There was only one cashier. There is always just one cashier. This seems ridiculous to me. But, there you go.
The guy in front of them took a long time. He must have been ordering for a little league or something, so they had plenty of time to peruse the menu. I mean, it isn't as though it was hidden or something. There it was in huge letters right above them. They talked, their faces inches from each others, adoring each other's visage. I thought to myself how nice it must be to be married that long and still like each other that much. I love Bing, but I don't nuzzle her or keep my nose two inches from hers in fast food joints. This couple was talking about what they were going to buy someone named "Suze" and "the grands" on their expedition to Shopko.
Finally, it was their turn. I expected them to get coffee and egg mcmuffins and go.
But, no. Of course not.
The cashier, a girl who looked like she had gotten in from her hot date at 2 a.m., breaking her curfew and in trouble (but hey..it was so worth it because he is awesome!) but managed to get up to make it to her 6 a.m. job, was polite but obviously bored. She said in a monotone, "Welcome to McDonald's. What can I get for you today?"
Bob and Lois took this very personally.
Bob: Well, thank YOU, dear. We are glad to be here!
There was a silence. The cashier, (let's call her Judy) waited. Bob and Lois smiled big ones. They seemed to be waiting.
Judy tried again. What can I get for you today?
Well, now. They just didn't know. Did she have a favorite?
Judy looked stunned. A favorite? I could see the wheels moving in her head. What she wanted to say was, "A FAVORITE? Are you mother fucking shitting me??? This food is pure grease and salt. I've worked here for two years and I can tell you that we spit on the burgers, man and water down the catsup and I can't tell you how many times I have dropped a burger on the floor and picked it up and put it in a bun anyway...
Lois looked up at Bob like he was Ronnie and she was Nancy.
Lois:Honey? Do you want the flapjacks? Those might be tasty and maybe an egg? Some sausage?
Did she think this was Denny's?
Bob looked down on her, ran his hand over her back. "Sweets, I sure don't see flapjacks on the menu. Where exactly do you see that sugar?"
JESUS. Shoot me now.
I shifted on my cane, my knees starting to lock a bit, my temper rising. For fuck sakes, FLAPJACKS? Who says FLAPJACKS anymore? They are PANCAKES, you idiot.
Judy looked like she had never heard the word flapjacks in her life.
Bob sighed.
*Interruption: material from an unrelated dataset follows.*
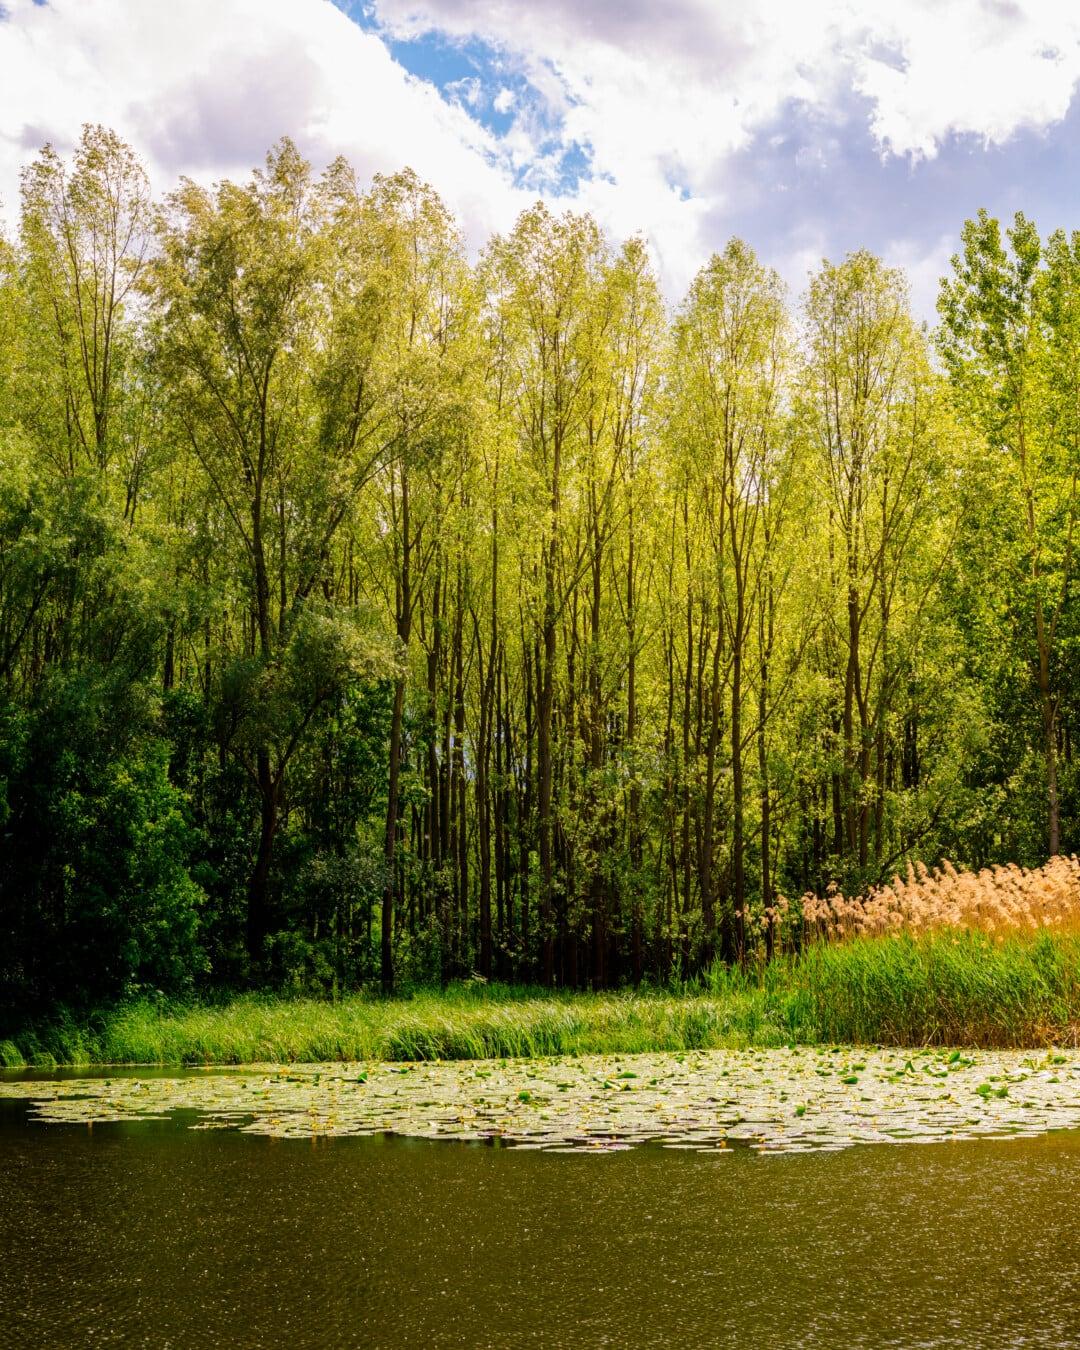 calm, atmosphere, ecosystem, marshlands, aquatic, aquatic plant, leaf, tree, landscape, birch

Looked at the menu.
Was it possible that they had never been to a McDonald's before? Could this be Candid Camera? I looked around for a hidden camera.
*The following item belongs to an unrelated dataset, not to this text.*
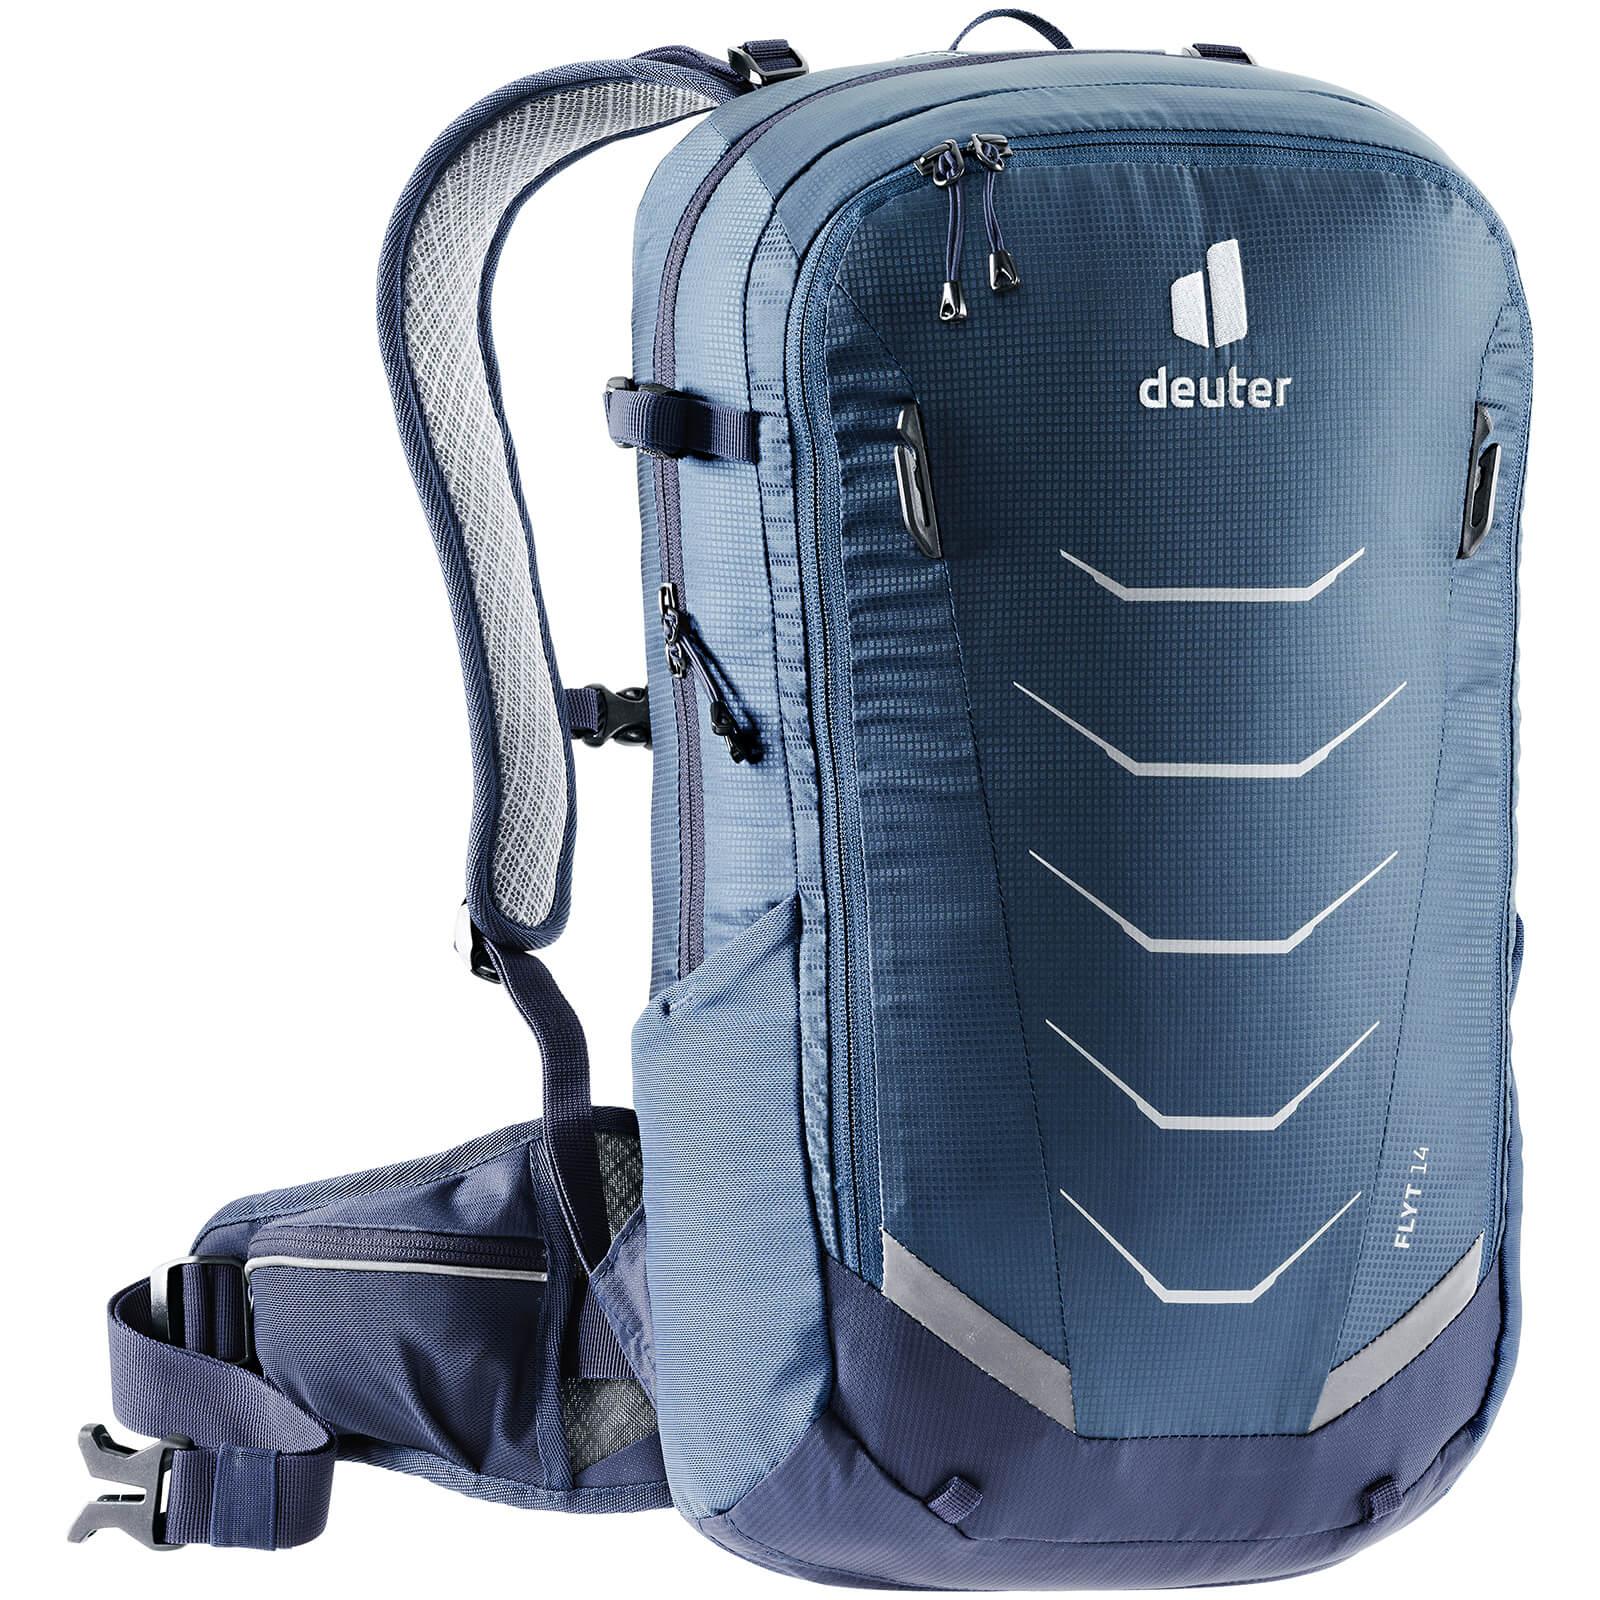 deuter Flyt 14 Backpack - Marine-Navy

Lois also noted that they had orange juice. Did he want orange juice?
Bob frowned. No. He thought he'd just have a flapjack, an egg, maybe a slice of bacon or two and some coffee.
Judy offered him something called a "big breakfast." He could get two pancakes, eggs, bacon and tater gems.
Well, hey...Bob didn't think he could eat two pancakes. And what did they do to the eggs? Scramble them? Over easy? He wasn't sure he needed potatoes either, or what did she call them? Tater gems? Could he have fruit instead?
Four people were behind me now. I turned around to see a black woman dressed in a smashing black dress. Her lips were shiny with gloss. She and I looked at each other incredulously. This had to be a joke.
Lois piped up that "Honey, I can eat your extra pancake and I like tater gems!"
Bob smiled indulgently at Lois. "But, honey...you know that those things are not good for your blood sugar!"
If he chucked her on the chin, I was ready to smack him on the back of his knees with my cane.
A manager finally noticed that the line was now going out the door and he offered to "assist you in your meal planning over here."
They went to the side and by the time I got my burrito, they had figured some sort of deal out. They also told the manager (who Bob jovially called "Sonny Boy"..I kid you not) that they were from some tiny town to the north and yes, had never been to a McDonald's.
I was limping back to my car when the black woman overtook me.
She smiled widely. "Did you ever hear of such a thing? I can't wait to tell the ladies at my church meeting why I am late..."
I agreed. We laughed. We had to laugh. Because the truth was, we had both been this close to acting like real bitches in a McDonald's. I pictured me smacking Bob right across his ample bottom, smartly whacking him with my cane. I pictured the black woman catching Lois by her bag with embroidered photos of her grandchildren on them and whirling her around and around and then just....letting her sail.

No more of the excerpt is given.